Let’s start from the beginning. . . .

Amazon is like Isis, says literary agent.

Wow, nothing like hitting a butt-ton of hot buttons right off the bat. Funny, you’d think with all the media coverage of the evil that is Amazon (yes, I’m being sarcastic), someone would have picked up the stories of the corporate troubleshooters going around beheading folks who it saw as being wrong. Hell, they’d have started with more than a few publishers and agents long ago. Funny, but I haven’t seen anything about that. Have you?

The online retailer has long been accused of making it nearly impossible for authors to earn a living.

What?!? Uh, not only no, but HELL NO.

Before Amazon started the KDP program, there was very little an author could do to get their work into the hands of the reading public. We vied for a very few slots available for new authors, sending our work out first to agents. Why first to agents? Because the vast majority of “real” publishers wouldn’t look at anything that didn’t come via that route. Then, if you were lucky enough to find an agent — who would take at least 15% of anything you earned plus expenses — your work was submitted to publishers. There was never any guarantee that you would be picked up by a publishing house and, if you were, you’d get your advance and probably never see another penny from your book.

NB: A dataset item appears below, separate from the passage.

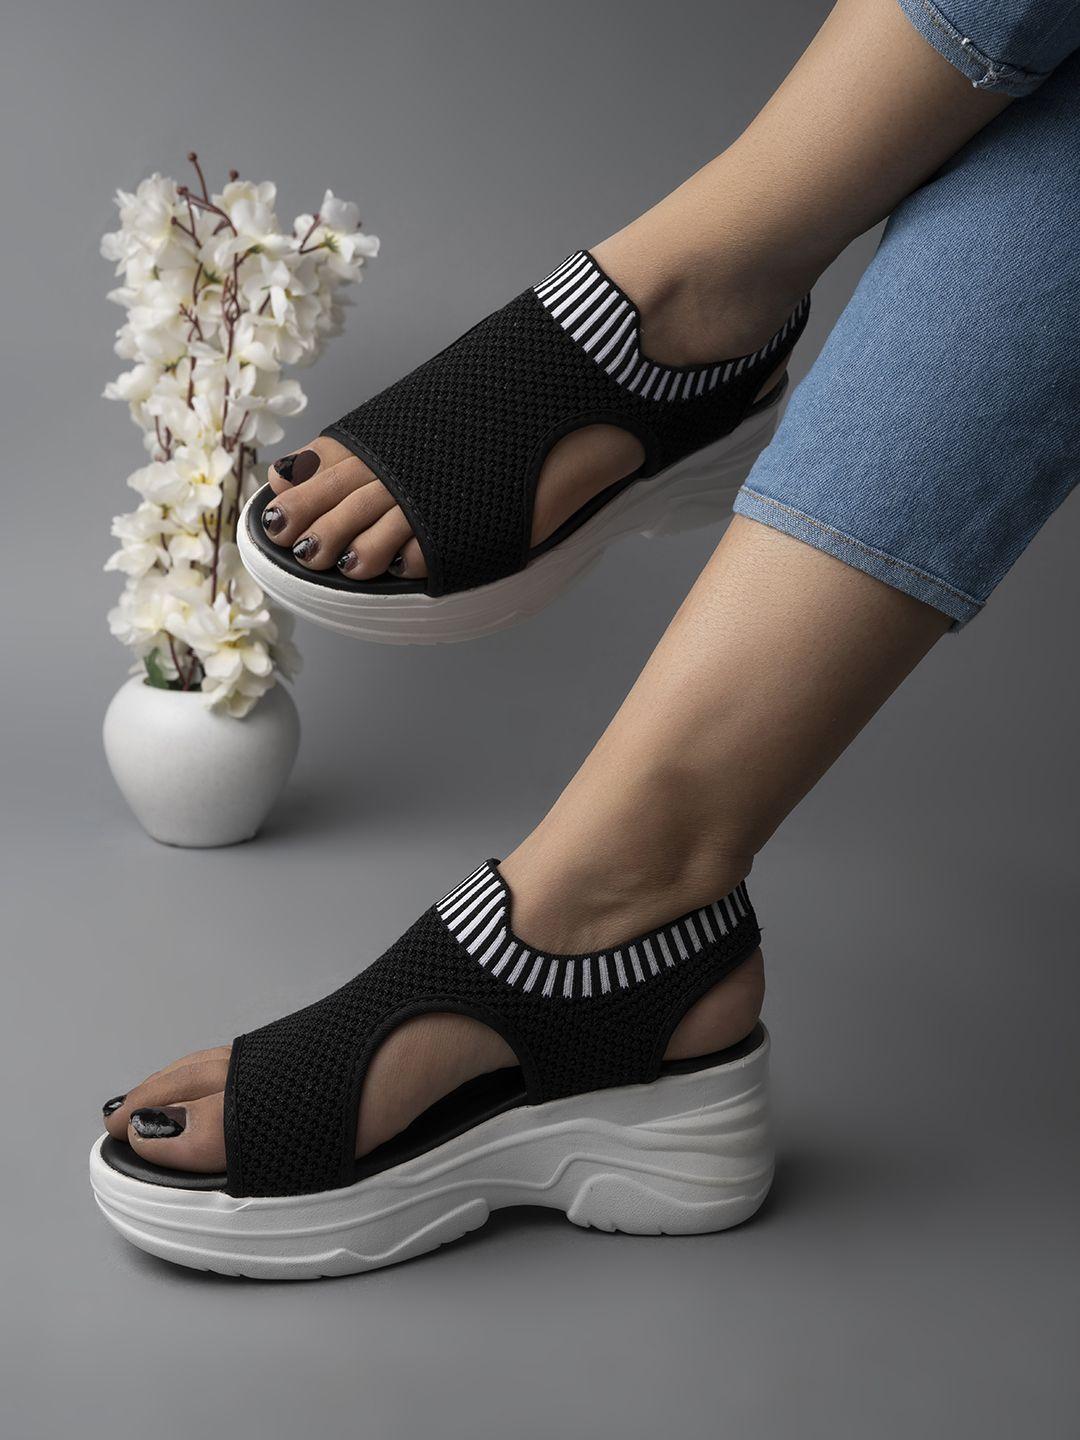 shoetopia woven design open toe wedge heel mules

Why? Because publishers, even after the Digital Age began, continued to follow the same business plan they had had since the invention of the printing press. For every book sold, the publisher received anywhere from 70% or more of the monies made plus expenses. The rest was divvied up between the author and his agent. Oh, one other little accounting anomaly they don’t talk about in mixed company — they use the figures from BookScan to determine how many books were sold. In case you don’t know what what BookScan is, it is the Nelson ratings for books. You know Neilson. That’s the company that puts little boxes in a small number of homes across the nation and the networks use hand-wavium to determine, based on that small number of “randomly selected” homes, what shows are popular and what are not.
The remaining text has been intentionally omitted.